Suicide is the second cause of death among youths. Genetics may contribute to suicidal phenotypes and their co-occurrence in other neuropsychiatric and medical conditions. Our study aimed to investigate the association of polygenic risk scores (PRSs) for 24 neuropsychiatric, inflammatory, and cardio-metabolic traits/diseases with suicide attempt (SA) or treatment-worsening/emergent suicidal ideation (TWESI). PRSs were computed based on summary statistics of genome-wide association studies. Regression analyses were performed between PRSs and SA or TWESI in four clinical cohorts. Results were then meta-analyzed across samples, including a total of 688 patients with SA (Neff = 2,258) and 214 with TWESI (Neff = 785). Stratified genetic covariance analyses were performed to investigate functionally cross-phenotype PRS associations. After Bonferroni correction, PRS for major depressive disorder (MDD) was associated with SA (OR = 1.24; 95% CI = 1.11–1.38; p = 1.73 × 10−4). Nominal associations were shown between PRSs for coronary artery disease (CAD) (p = 4.6 × 10−3), loneliness (p = .009), or chronic pain (p = .016) and SA, PRSs for MDD or CAD and TWESI (p = .043 and p = .032, respectively). Genetic covariance between MDD and SA was shown in 86 gene sets related to drugs having antisuicidal effects. A higher genetic liability for MDD may underlie a higher SA risk. Further, but milder, possible modulatory factors are genetic risk for loneliness and CAD.

中文翻译:

神经精神、炎症和心脏代谢特征的多基因风险评分突出了与自杀企图和治疗中出现的自杀意念可能的遗传重叠

自杀是青少年死亡的第二大原因。
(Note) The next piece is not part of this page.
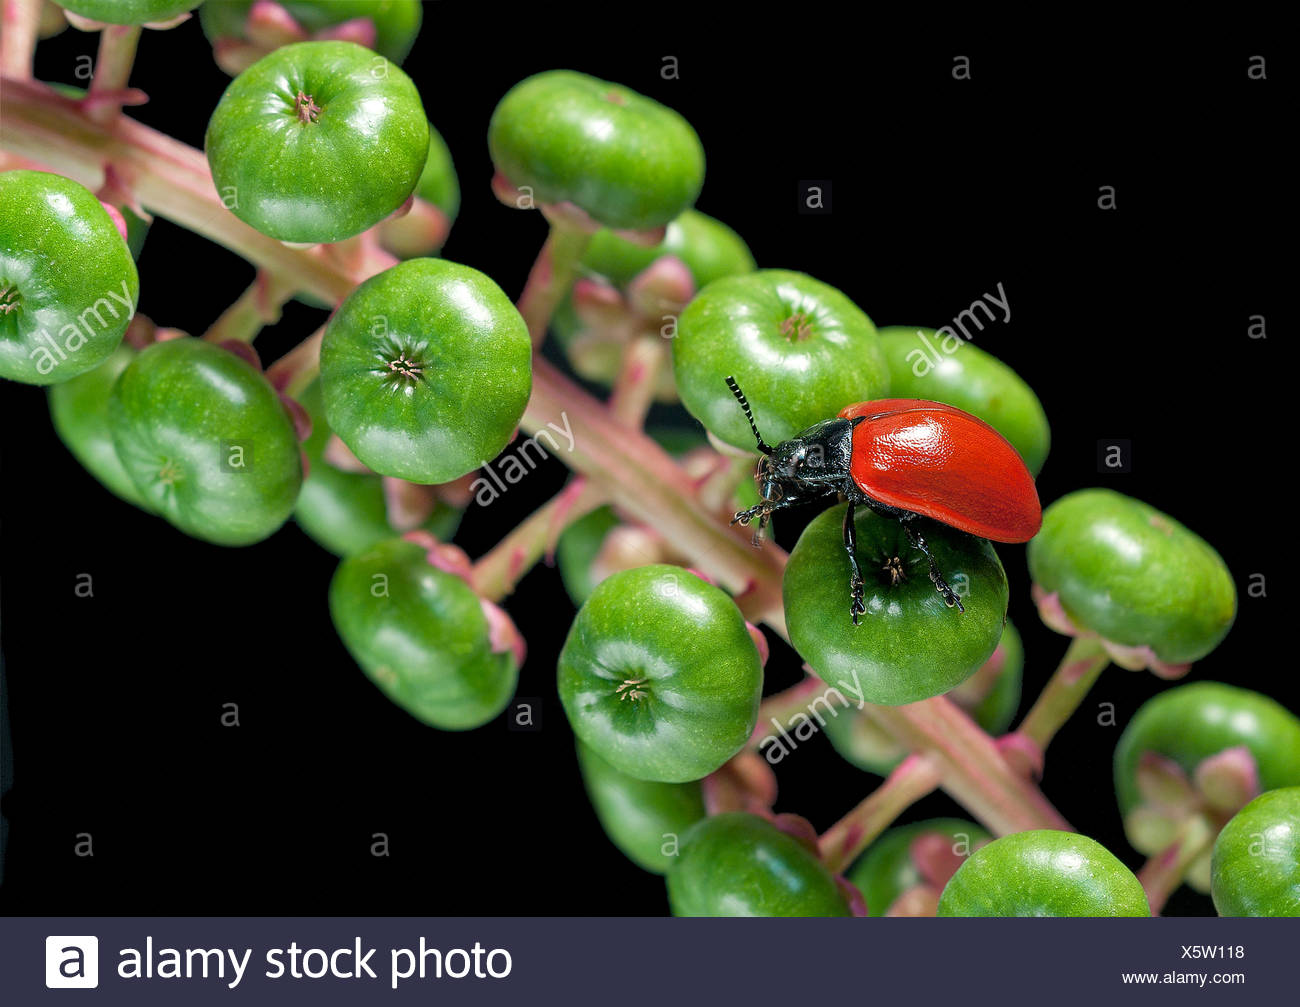 Melasoma populi on pokeweed berries - Stock Image

遗传学可能导致自杀表型及其在其他神经精神疾病和医学疾病中的共同发生。我们的研究旨在调查 24 种神经精神、炎症和心脏代谢特征/疾病的多基因风险评分 (PRS) 与自杀未遂 (SA) 或治疗恶化/紧急自杀意念 (TWESI) 的关系。PRS 是根据全基因组关联研究的汇总统计数据计算的。在四个临床队列中,在 PRS 和 SA 或 TWESI 之间进行了回归分析。然后对样本的结果进行荟萃分析,包括总共 688 名 SA 患者 ( N eff  = 2,258) 和 214 名 TWESI ( N eff = 785)。进行分层遗传协方差分析以研究功能上的跨表型 PRS 关联。在 Bonferroni 校正后,重度抑郁症 (MDD) 的 PRS 与 SA 相关(OR = 1.24;95% CI = 1.11–1.38;p  = 1.73 × 10 -4)。冠状动脉疾病 (CAD) ( p  = 4.6 × 10 -3 )、孤独 ( p  = .009) 或慢性疼痛 ( p  = .016) 的 PRS 与 SA、MDD 或 CAD 的 PRS 和 TWESI 之间显示名义关联( p  = .043 和p = .032,分别)。MDD 和 SA 之间的遗传协方差显示在 86 个与具有抗自杀作用的药物相关的基因组中。MDD 较高的遗传风险可能是较高 SA 风险的基础。此外,但更温和的可能调节因素是孤独和 CAD 的遗传风险。